▸ EXERCISE DESCRIPTION
Apart from the images, output the data below exactly.

▸ SUPPLIED INFORMATION
......

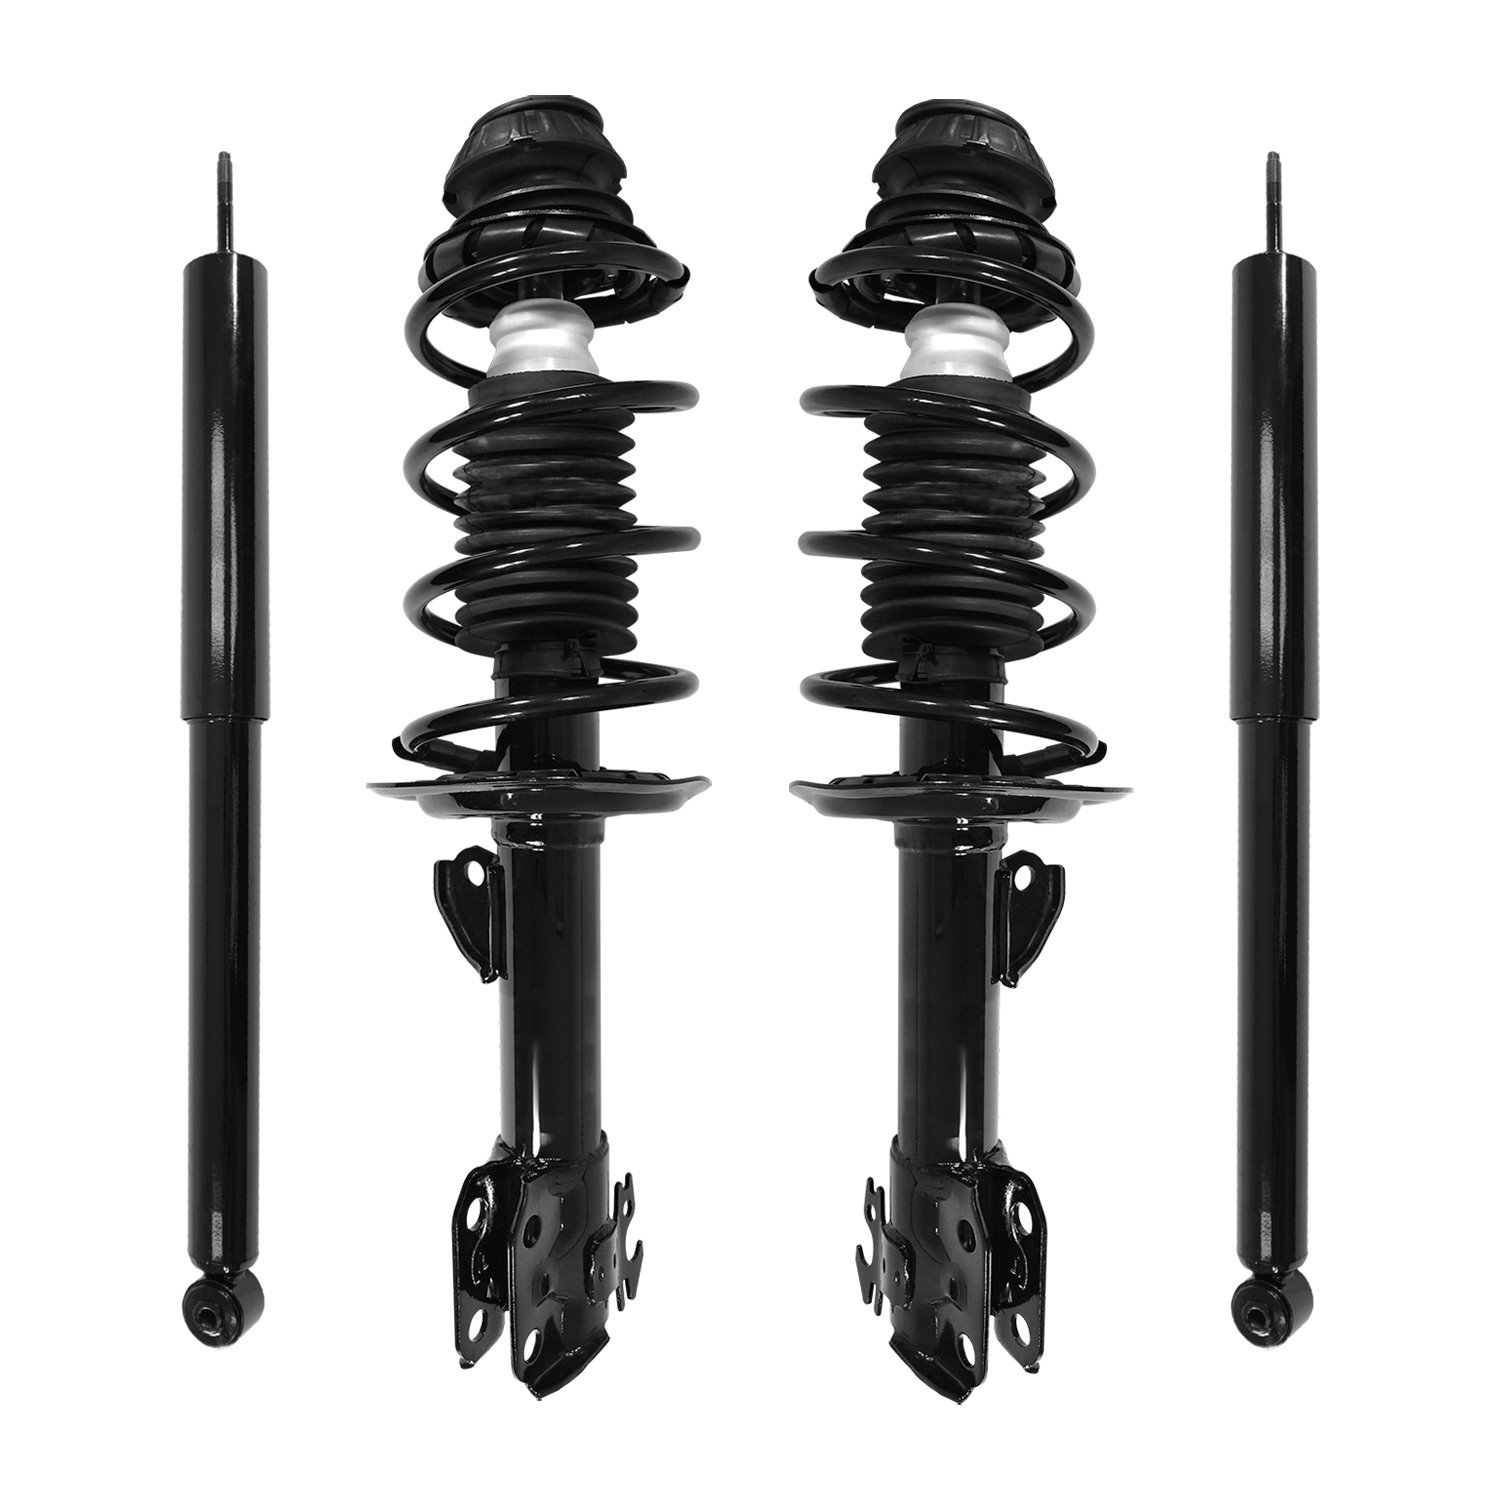 4-11805-254130-001 Front & Rear Suspension Strut & Coil Spring Assembly Fits Select Toyota Yaris
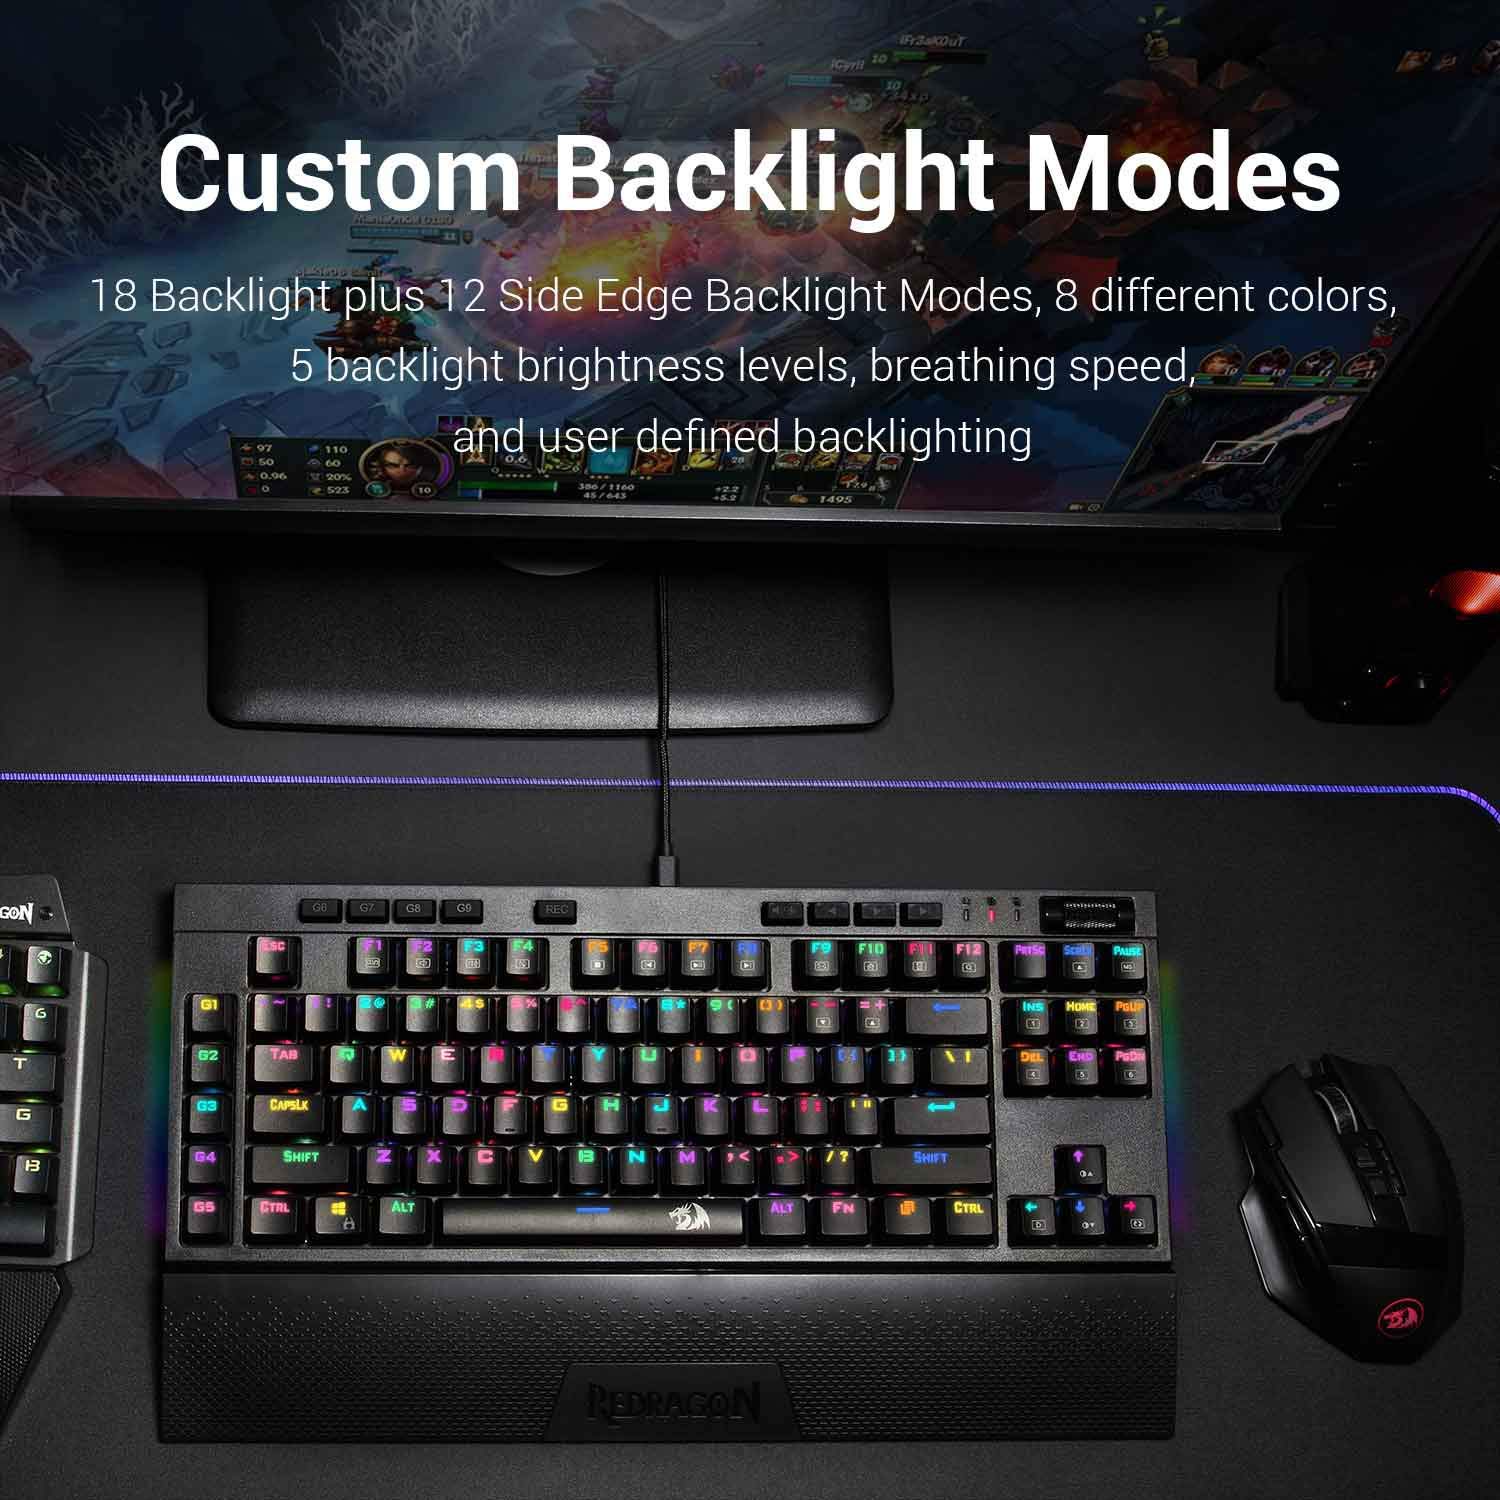 Redragon K588 RGB Backlit Mechanical Gaming Keyboard with Programmable Keys Macro Recording Optical Blue Switches Tenkeyless with Detachable Palm Rest & USB-C USB for Windows PC
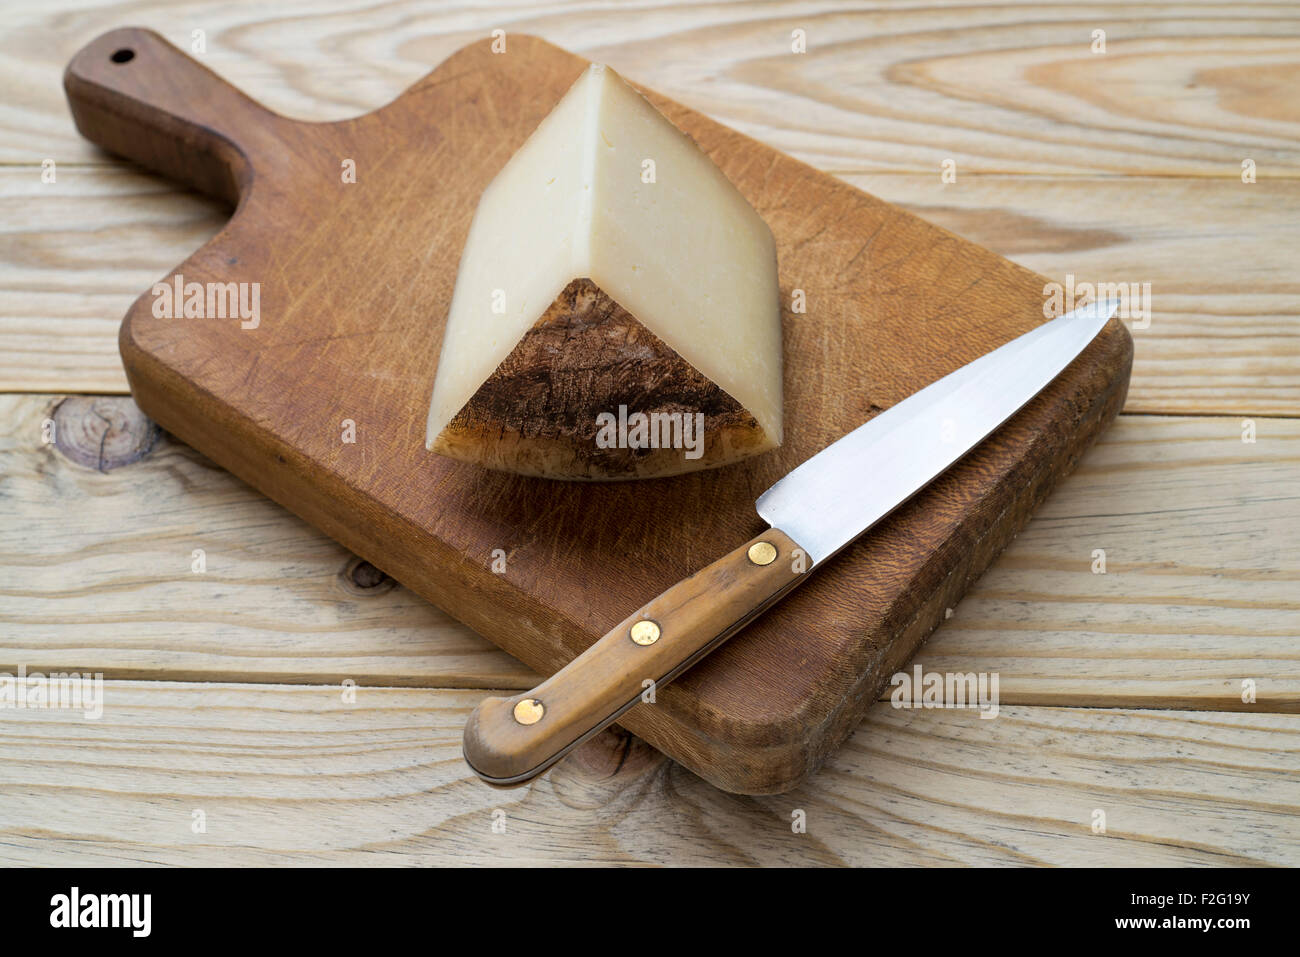 Cheese and knife on cutting board Stock Photo

......

▸ TASK RESULT
 4-11805-254130-001 Front & Rear Suspension Strut & Coil Spring Assembly Fits Select Toyota Yaris
 Redragon K588 RGB Backlit Mechanical Gaming Keyboard with Programmable Keys Macro Recording Optical Blue Switches Tenkeyless with Detachable Palm Rest & USB-C USB for Windows PC
 Cheese and knife on cutting board Stock Photo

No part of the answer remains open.